28 Dec 2020

Partnerships are like Marriages – Just More Complicated!

Business partnerships are like marriages, they are just more complicated! Over the last several years, I’ve coached several business partnerships (individuals or all partners) and one resounding theme comes through – they are messy, can be complicated, are emotional and they are certainly not easy. While the initial concept seems like a win-win, they can also go bad when things change for either party or the business itself.

I’m speaking from a position of experience on this subject. I’m the product of a past failed partnership. It started off great, we invested in a great partnership agreement, spent hours ideating on the future, had a rough plan in place, then set out to change the world. Then it happened. The one situation that we had not planned for was the one situation that we had not discussed nor planned for. Things got tense quickly. And the whole thing blew up quickly. For that, I am forever remorseful. However, there were signs before we even started that we both should have talked about and flushed out before proceeding. Maybe we should have “dated” before getting married. But in the end, the partnership was ended and we both moved on.

But out of that situation and after working with several clients that have had similar experiences, a few things come to mind that others considering partnerships should at least take into account prior to galloping off into the sunset of partnership bliss:

1) Have a Partnership Agreement discussion before you pay to have a Partnership Agreement drafted with legal counsel. Have the tough conversation now! Early, often and real. What happens if one partner….gets sick? Dies? Is unable to work due to a spouse being sick? Decides to do something stupid that affects the business? What happens if the business is really successful? What if the business runs out of money?

2) Have a Partnership Agreement – Yes, a Prenuptial Agreement. What happens if/when…there are many common reasons for partnerships to have conflict, and a good business lawyer will likely have heard/seen/experienced them all. Some are above. Make a list of many situations as you can and review together how each would wish to respond (and more importantly agree and get the responses in writing). Maybe even pay an outside third party to role play this with you. This is serious business.

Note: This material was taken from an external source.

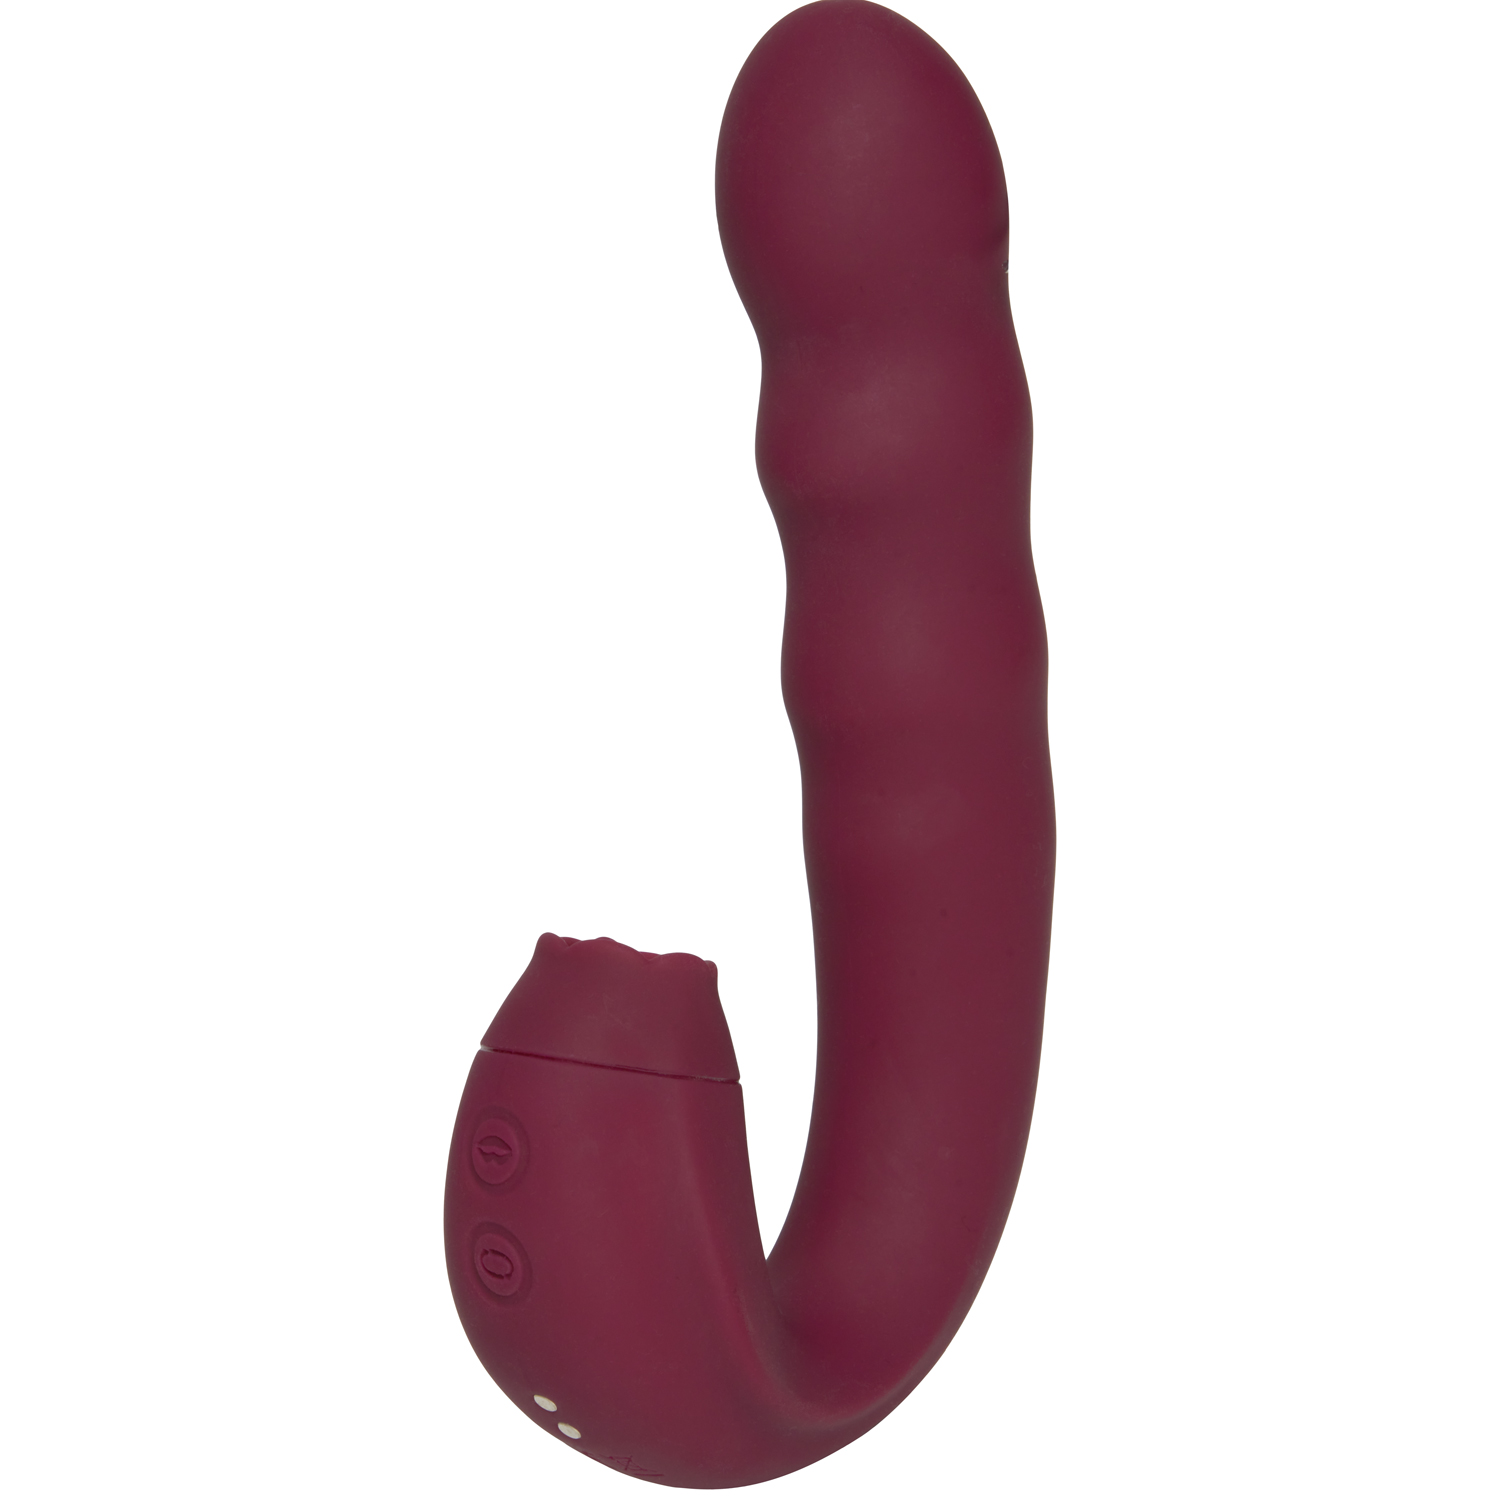 Sinful Lick and Spin G-punktsstimulator - Bordeaux | Vibratorer//Favoriter//REA för kvinnor//Kvinnor//G-punktsvibrator//Vattentät Vibrator//Laddningsbar Vibrator//Sinful//Klitorisvibrator//Dubbel Vibrator//Sinful Vibratorer | Intimast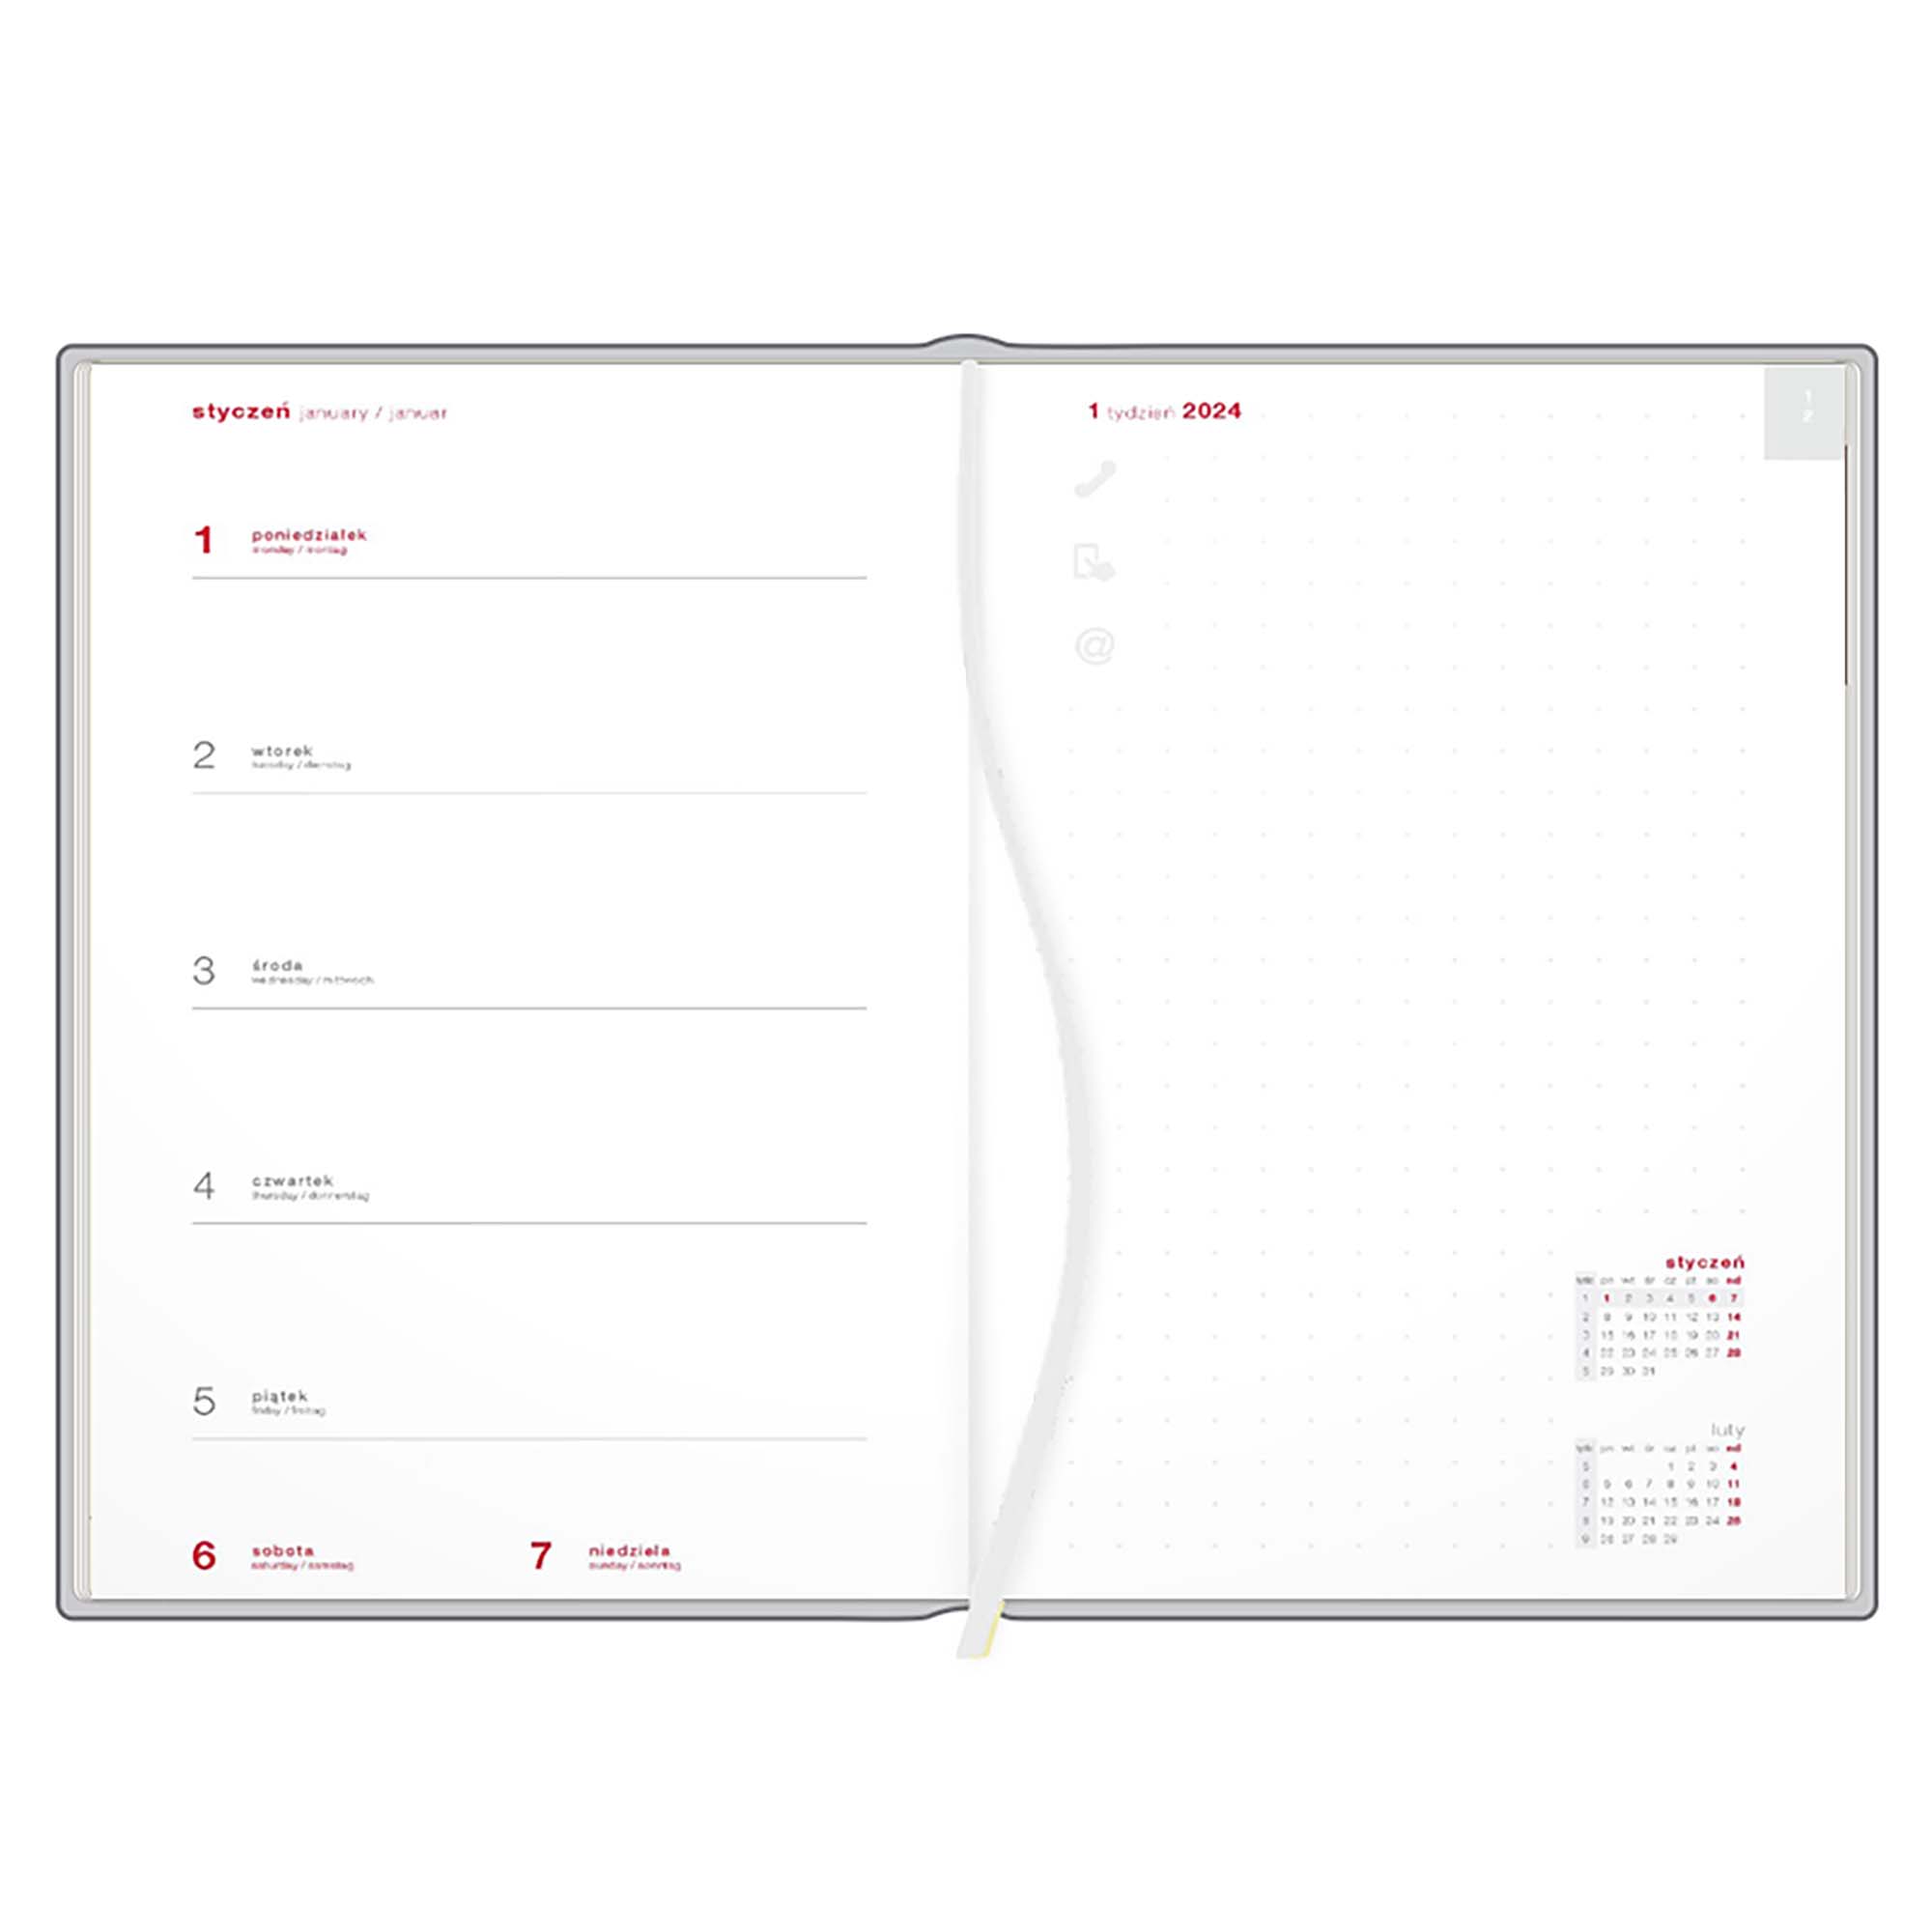 Kalendarz książkowy A4 tygodniowy z notesem, Turyn, różowy

3) Define roles now – for the existing and future organization. Yes, org chart, job descriptions, who is responsible!? What happens when a partner does not fulfill their responsibilities? What happens if one partner is delivering more value to the business than the other? Is this a 50/50 relationship? 33/33/33? Is there a board?

4) Consider dating for a while prior to jumping into bed with a business partner. Create a way to test relationships before going more formal. Get comfortable with how another business partner operates as a business owner before forming a partnership that is very difficult to split up without destroying the business itself.

Ok, what is I’m already in a partnership and it’s already a mess?? Well, there are a few things you can do and I would recommend:

1) Seek outside counsel immediately – business lawyer, business coach, another business owner (or all three!). Seek out their counsel on how to proceed and what steps to take.

2) Consider your options – all options are on the table and should be explored.

a. Resolution – can the conflict be resolved? Is it worth resolving? Is it better just to cut it off now? Did your Partnership agreement cover the source of the conflict? Document what you want from the entire situation. Create a plan and stick to it – a plan with accountabilities that you may have not had defined before.

b. Buy Out – Can you afford to buy out the other partner(s)? Can they buy you out? Can another future partner buy in and you out?

c. Dissolution – Be willing to walk away. If it comes down to it, are you ready to walk away and live with the consequences? It may be the least painful option long-term.

3) Use an outside third-party to help you and your partner(s) resolve or come to a conclusion. Sometimes, saving or defining the partnership is worth saving (it costs less to resolve and repour the agreement than to part ways/dissolve/buy out). And you may find it’s the very thing you likely should have done to start with!

4) Don’t beat yourself up – it is very normal for partnerships to hit a rough spot or have conflict. It’s one of the most difficult relationships outside of marriage. In fact, I believe it is even more complicated because of the “tentacles” involved – employees, other employees, business finances, emotions of the current times, and the mixing of personal and business relationships…all making for a potential powder-keg waiting to explode.

Does all this all negative? Yes, maybe it does. If a partnership exists that is running smoothly, seek that partnership out and find out why it’s working! I would suspect, the reason is they’ve done their homework, have set out a plan, have agreed responsibilities in detail, and continuously work ON the partnership, not just within it.

Partnerships are like Marriages – Just More Complicated!